■ **Work order**:
Every line below between the one holding "Ночная сорочка для" and the one holding "J. America - 8115", inclusive, should be copied exactly, and no other line.

■ **Materials provided**:
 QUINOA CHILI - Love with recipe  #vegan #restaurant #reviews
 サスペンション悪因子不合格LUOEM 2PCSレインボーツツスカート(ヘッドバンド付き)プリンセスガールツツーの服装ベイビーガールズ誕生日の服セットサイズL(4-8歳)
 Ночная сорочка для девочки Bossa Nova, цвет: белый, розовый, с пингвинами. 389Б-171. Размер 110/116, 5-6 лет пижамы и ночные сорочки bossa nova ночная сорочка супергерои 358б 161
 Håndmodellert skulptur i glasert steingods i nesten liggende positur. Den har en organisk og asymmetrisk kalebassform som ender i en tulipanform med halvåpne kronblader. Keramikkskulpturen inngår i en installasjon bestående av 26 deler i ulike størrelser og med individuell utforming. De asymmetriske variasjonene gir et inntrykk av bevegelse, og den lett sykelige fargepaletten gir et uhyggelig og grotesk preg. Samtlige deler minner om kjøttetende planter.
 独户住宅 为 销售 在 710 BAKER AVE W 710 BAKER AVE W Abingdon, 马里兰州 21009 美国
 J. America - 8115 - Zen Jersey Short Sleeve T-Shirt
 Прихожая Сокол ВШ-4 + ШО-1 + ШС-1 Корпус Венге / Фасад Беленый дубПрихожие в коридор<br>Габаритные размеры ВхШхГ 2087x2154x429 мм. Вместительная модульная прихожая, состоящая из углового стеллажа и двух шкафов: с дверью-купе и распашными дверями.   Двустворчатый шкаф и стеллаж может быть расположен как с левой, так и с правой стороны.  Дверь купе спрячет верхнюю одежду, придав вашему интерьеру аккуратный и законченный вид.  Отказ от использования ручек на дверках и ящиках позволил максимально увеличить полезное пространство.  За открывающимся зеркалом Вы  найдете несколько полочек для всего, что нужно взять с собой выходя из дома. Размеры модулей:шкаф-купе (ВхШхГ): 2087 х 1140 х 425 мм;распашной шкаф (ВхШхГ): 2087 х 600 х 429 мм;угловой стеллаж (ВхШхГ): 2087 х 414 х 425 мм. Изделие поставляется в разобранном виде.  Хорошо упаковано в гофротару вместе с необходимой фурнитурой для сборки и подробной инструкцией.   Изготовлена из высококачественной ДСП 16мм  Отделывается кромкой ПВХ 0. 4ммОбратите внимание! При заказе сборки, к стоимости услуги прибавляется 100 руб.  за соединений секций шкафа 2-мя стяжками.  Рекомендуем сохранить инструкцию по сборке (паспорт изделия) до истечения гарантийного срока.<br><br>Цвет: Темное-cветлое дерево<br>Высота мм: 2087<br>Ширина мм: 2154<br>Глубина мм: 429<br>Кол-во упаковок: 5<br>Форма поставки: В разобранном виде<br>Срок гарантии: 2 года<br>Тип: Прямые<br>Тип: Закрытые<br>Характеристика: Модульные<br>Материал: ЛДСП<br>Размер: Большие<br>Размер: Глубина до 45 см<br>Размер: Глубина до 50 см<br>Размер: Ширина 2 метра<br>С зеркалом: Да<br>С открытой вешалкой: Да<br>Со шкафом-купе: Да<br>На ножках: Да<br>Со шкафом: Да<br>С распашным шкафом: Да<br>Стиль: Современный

■ **Your solution**:
 Ночная сорочка для девочки Bossa Nova, цвет: белый, розовый, с пингвинами. 389Б-171. Размер 110/116, 5-6 лет пижамы и ночные сорочки bossa nova ночная сорочка супергерои 358б 161
 Håndmodellert skulptur i glasert steingods i nesten liggende positur. Den har en organisk og asymmetrisk kalebassform som ender i en tulipanform med halvåpne kronblader. Keramikkskulpturen inngår i en installasjon bestående av 26 deler i ulike størrelser og med individuell utforming. De asymmetriske variasjonene gir et inntrykk av bevegelse, og den lett sykelige fargepaletten gir et uhyggelig og grotesk preg. Samtlige deler minner om kjøttetende planter.
 独户住宅 为 销售 在 710 BAKER AVE W 710 BAKER AVE W Abingdon, 马里兰州 21009 美国
 J. America - 8115 - Zen Jersey Short Sleeve T-Shirt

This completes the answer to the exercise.